| What the task requires |
Set down the data again word for word. Skip any pictures.

| Data provided |

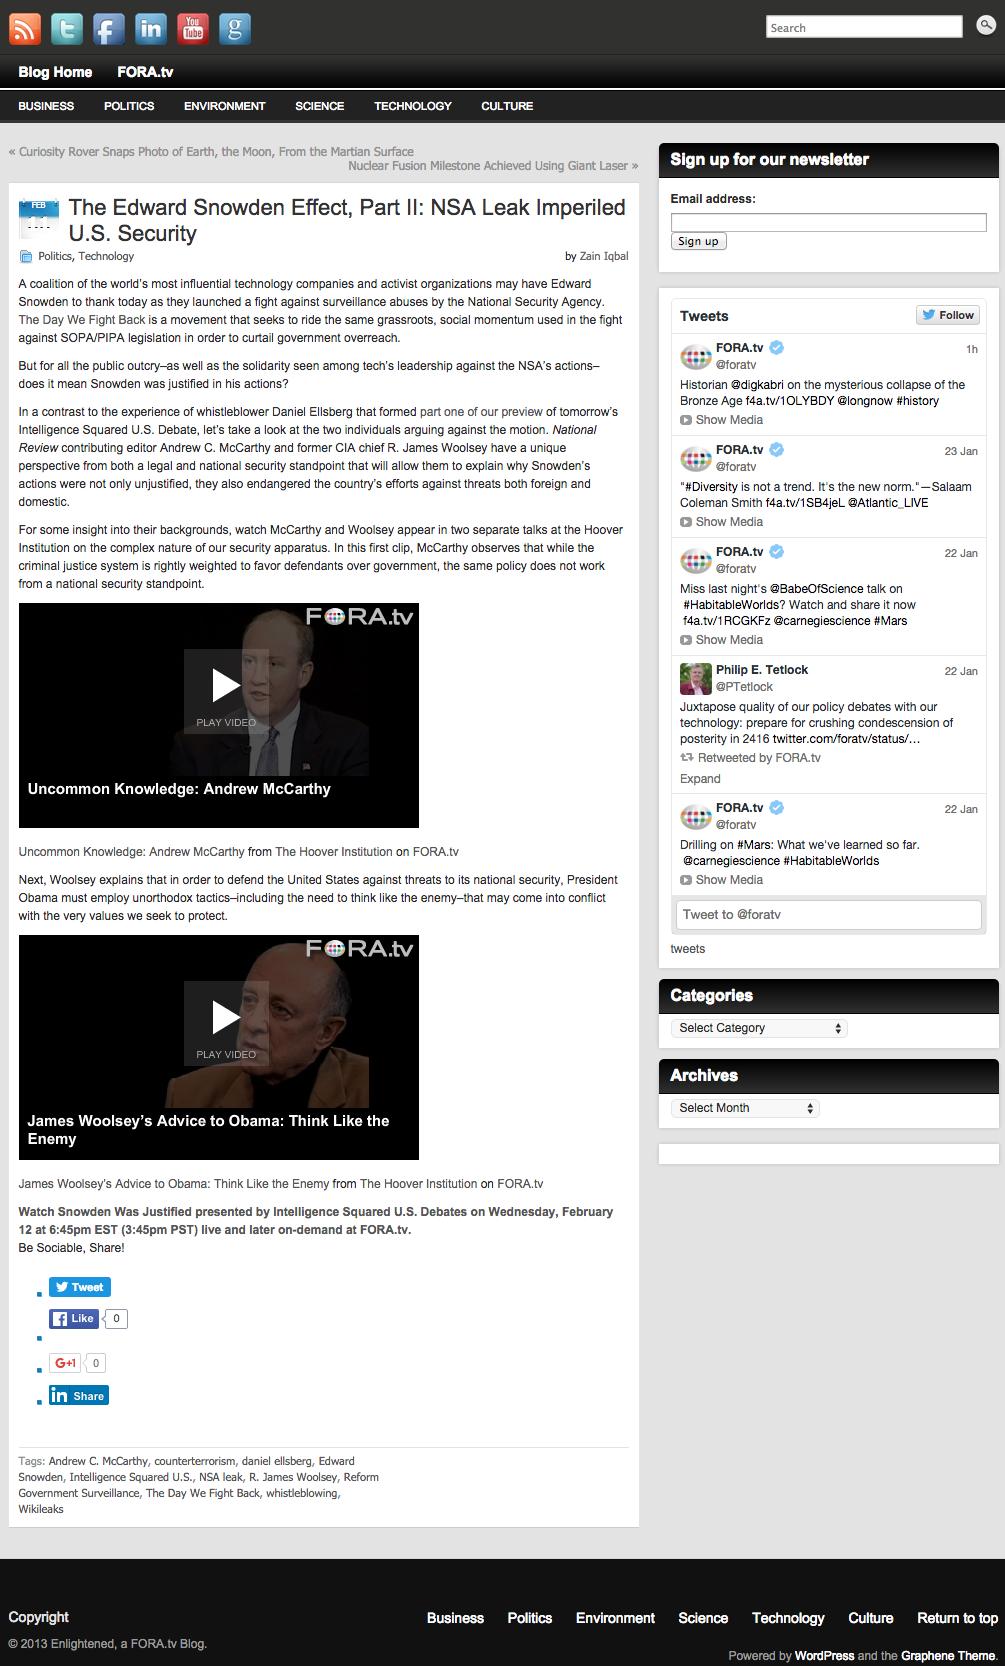 screencapture-enarchive-fora-tv-2014-02-edward-snowden-effect-nsa-leak-imperiled-u-s-security.png
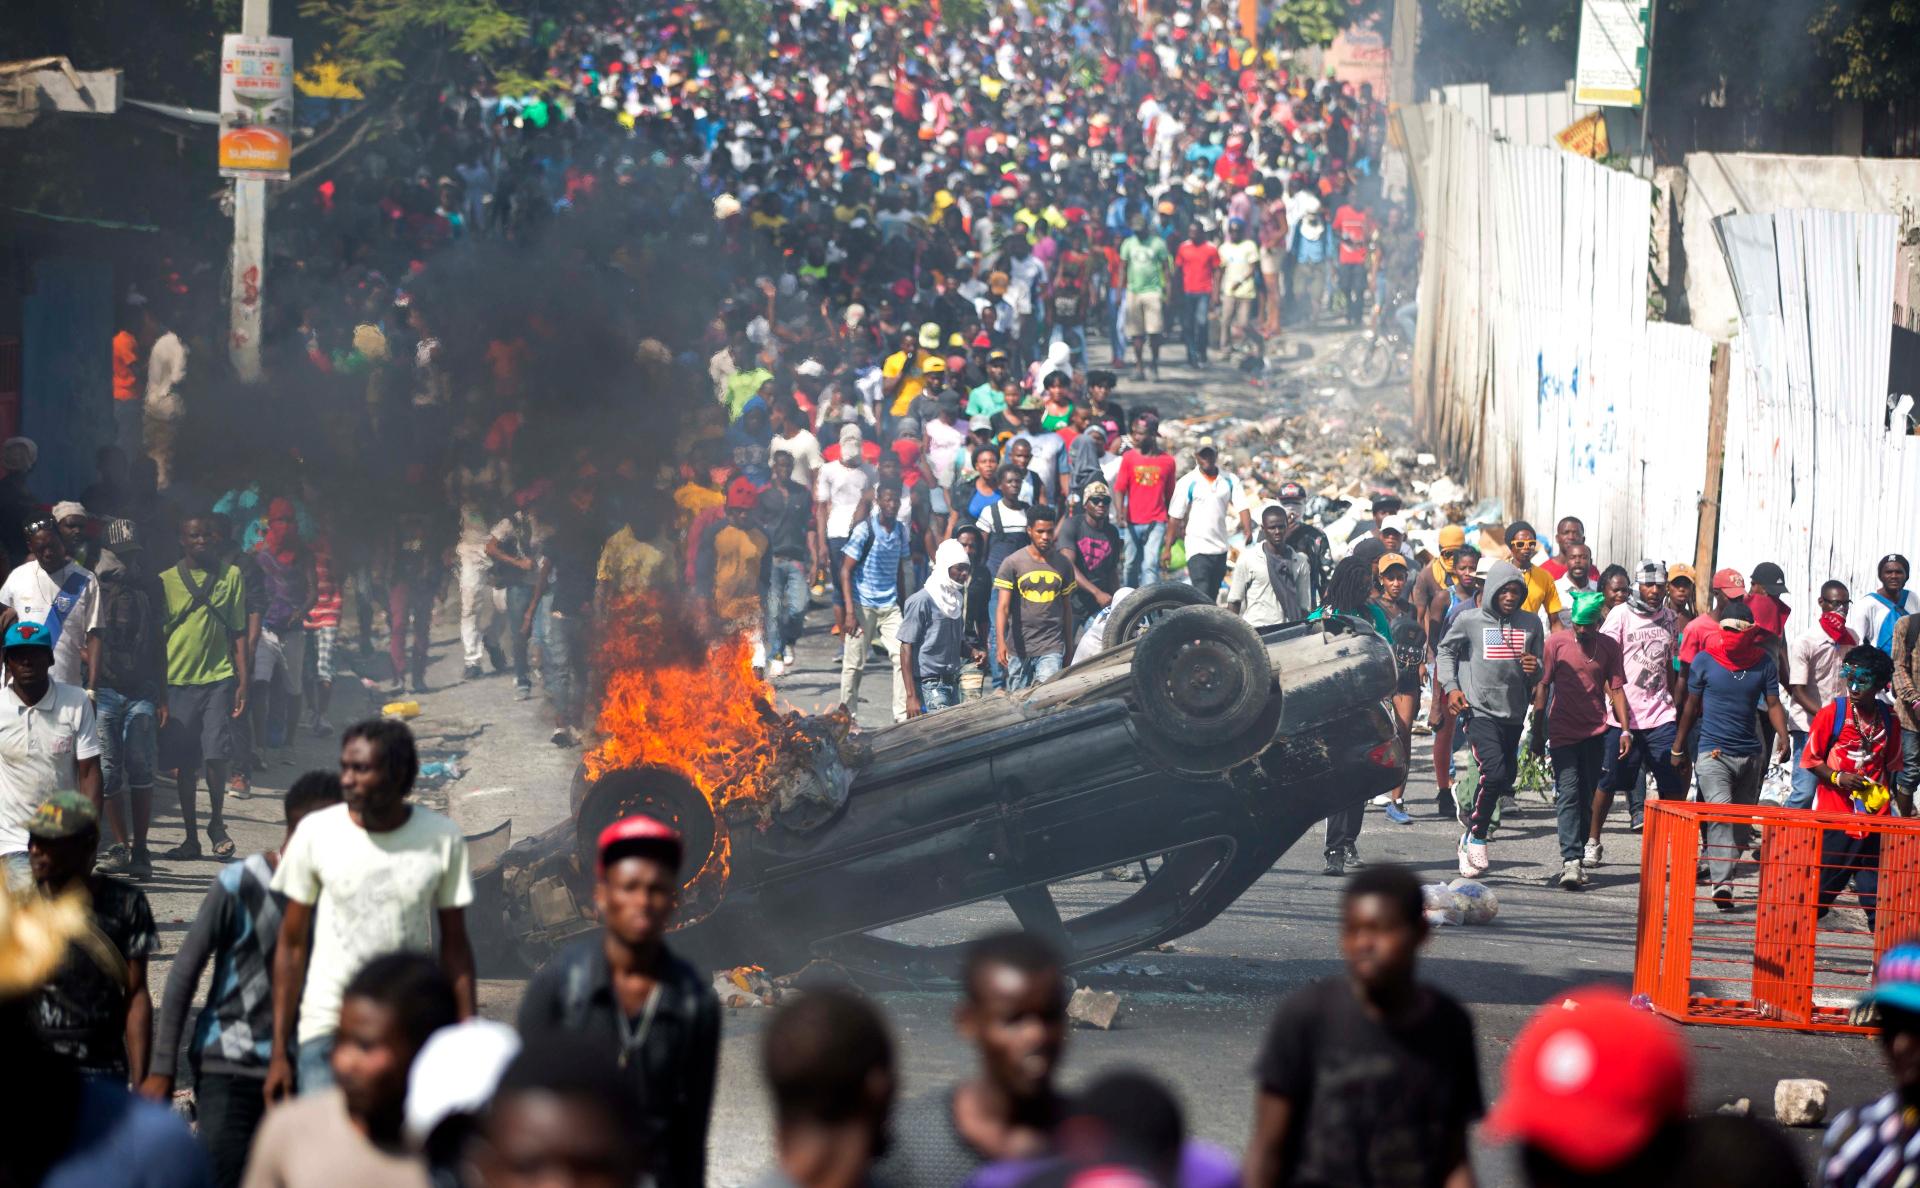 Фото: AP / Dieu Nalio Chery
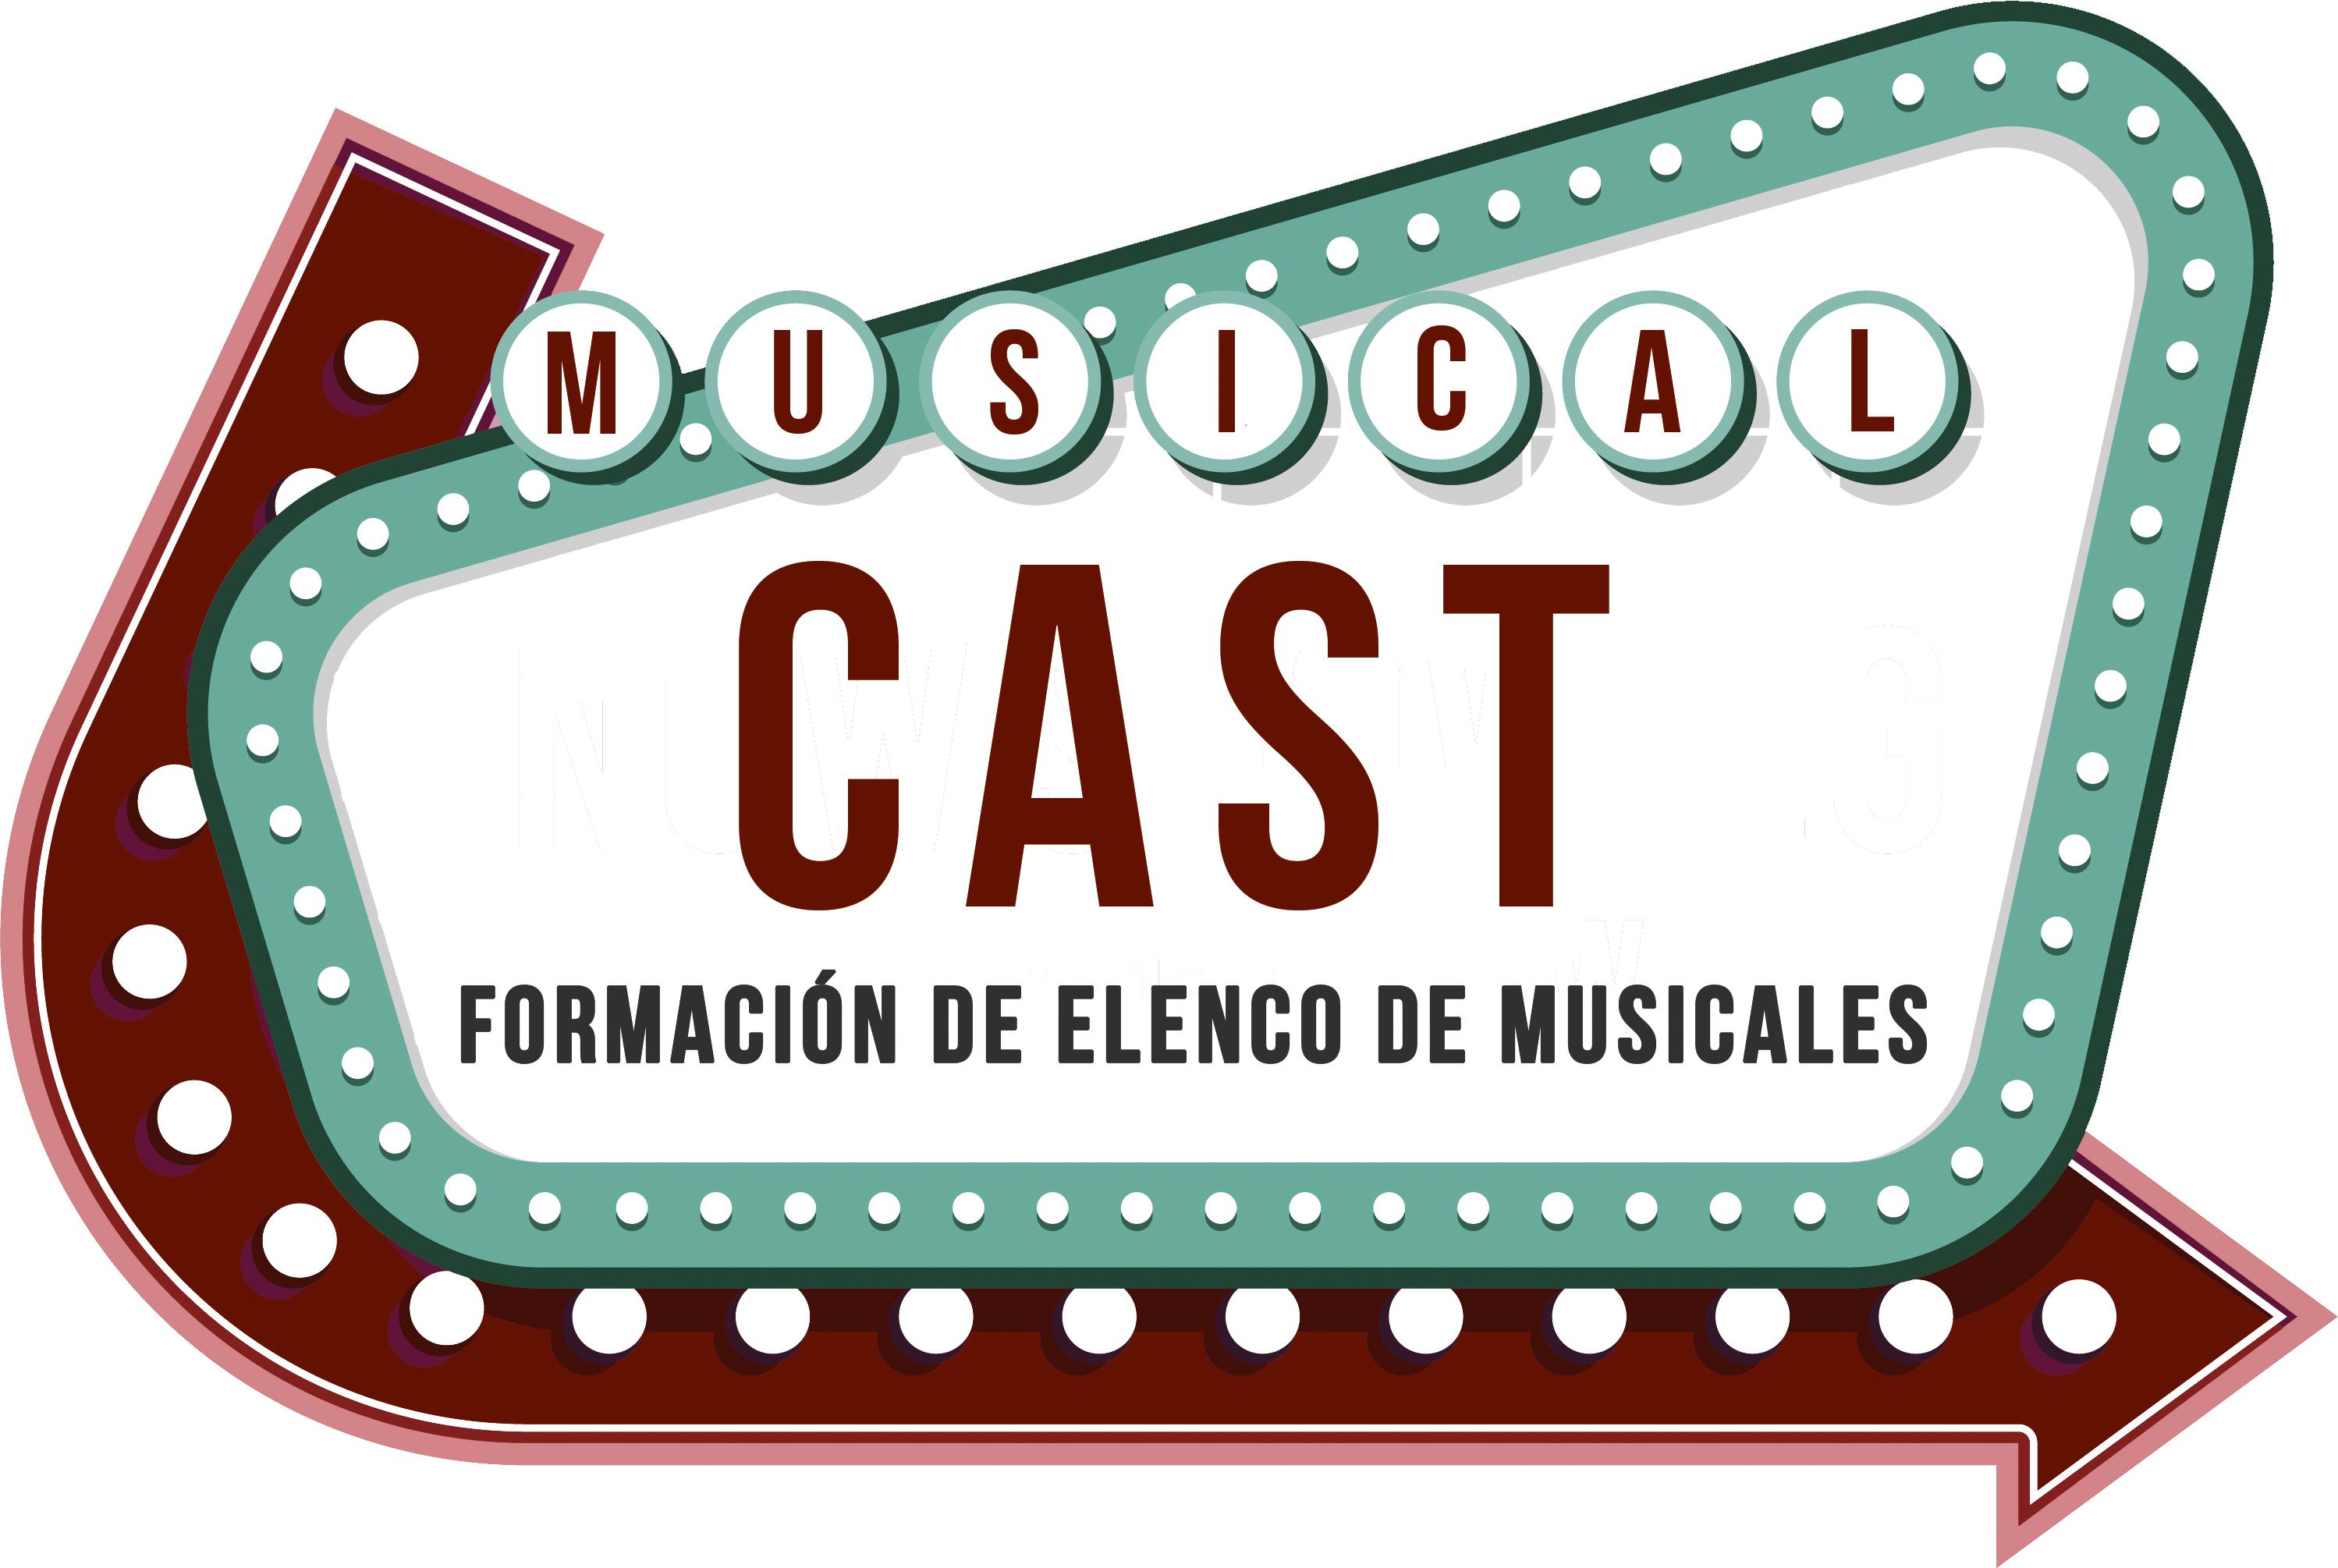 musical_cast_logo

| Exercise output |
 screencapture-enarchive-fora-tv-2014-02-edward-snowden-effect-nsa-leak-imperiled-u-s-security.png
 Фото: AP / Dieu Nalio Chery
 musical_cast_logo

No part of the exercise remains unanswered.